Note that this requires that we define the historical values:

`h(t,deriv,idxs) = 1.0`

where `deriv`

would be `Val{0}`

and `idxs`

is an integer for which variable in the history to compute, and here for any `idxs`

we give back `1.0`

. Note that if we wanted to use past values of the first derivative then we would define a dispatch like:

`h(t,::Type{Val{1}},idxs) = 0.0`

to say that derivatives before `t0`

are zero for any index.

More about the functional forms for the history function are discussed on the DDEProblem page.

### Undeclared Delays and State-Dependent Delays via Residual Control

You might have noticed DifferentialEquations.jl allows you to solve problems with undeclared delays since you can interpolate `h`

at any value.
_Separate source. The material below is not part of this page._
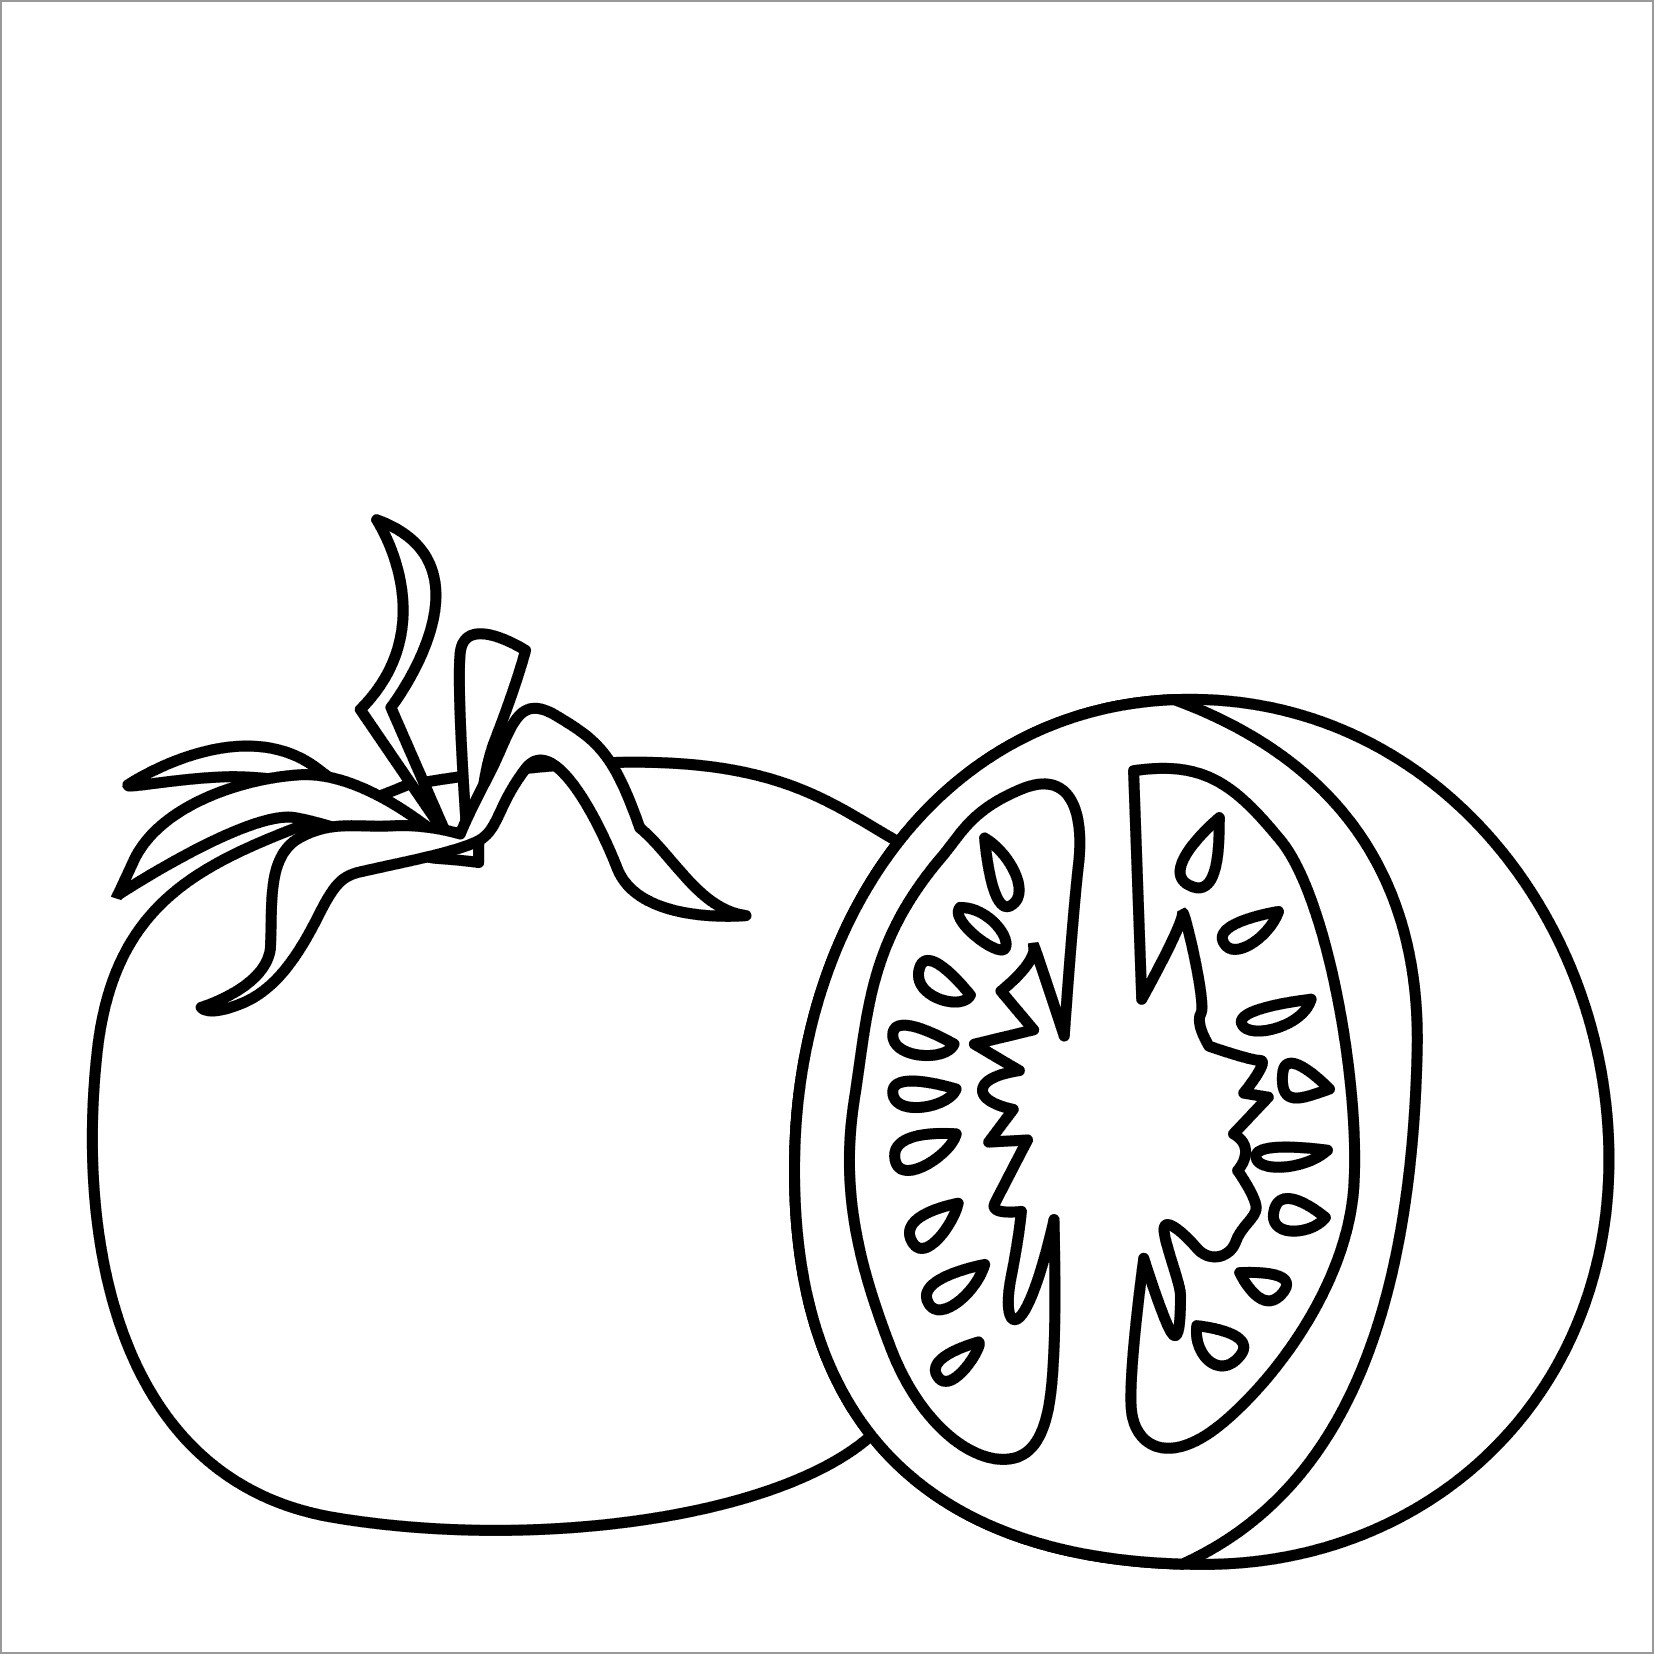 Sliced tomatoes Coloring Page

This is a feature, but use it with caution. Undeclared delays can increase the error in the solution. It's recommended that you use a method with a residual control, such as `MethodOfSteps(RK4())`

whenever there are undeclared delays. With this you can use interpolated derivatives, solve functional differential equations by using quadrature on the interpolant, etc. However, note that residual control solves with a low level of accuracy, so the tolerances should be made very small and the solution should not be trusted for more than 2-3 decimal places.

Note: `MethodOfSteps(RK4())`

with undeclared delays is similar to MATLAB's `ddesd`

. Thus, for example, the following is similar to solving the example from above with residual control:

```
prob = DDEProblem(bc_model,h,u0,tspan)
alg = MethodOfSteps(RK4())
sol = solve(prob,alg)
```

Note that this method can solve problems with state-dependent delays.

### State-Dependent Delay Discontinuity Tracking

State-dependent delays are problems where the delay is allowed to be a function of the current state. They can be more efficiently solved with discontinuity tracking. To do this in DifferentialEquations.jl, needs to pass in the functions for the delays to the `DDEProblem`

definition. These are declared as `g(u,p,t)`

where `g`

is the lag function. The signature for the `DDEProblem`

is:

`prob = DDEProblem(f,h,u0,tspan,constant_lags,dependent_lags=nothing)`

Other than that, everything else is the same, and one solves that problem using the common interface.

We can solve the above problem with dependent delay tracking by declaring the dependent lags and solving with a `MethodOfSteps`

algorithm:

```
dependent_lags = ((u,p,t)->tau,)
prob = DDEProblem(bc_model,h,u0,tspan,nothing,dependent_lags)
alg = MethodOfSteps(Tsit5())
sol = solve(prob,alg)
```

Here we treated the single lag `t-tau`

as a state-dependent delay and skipped over the constant lags with `nothing`

. Of course, you can then replace that tuple of functions with whatever functions match your lags.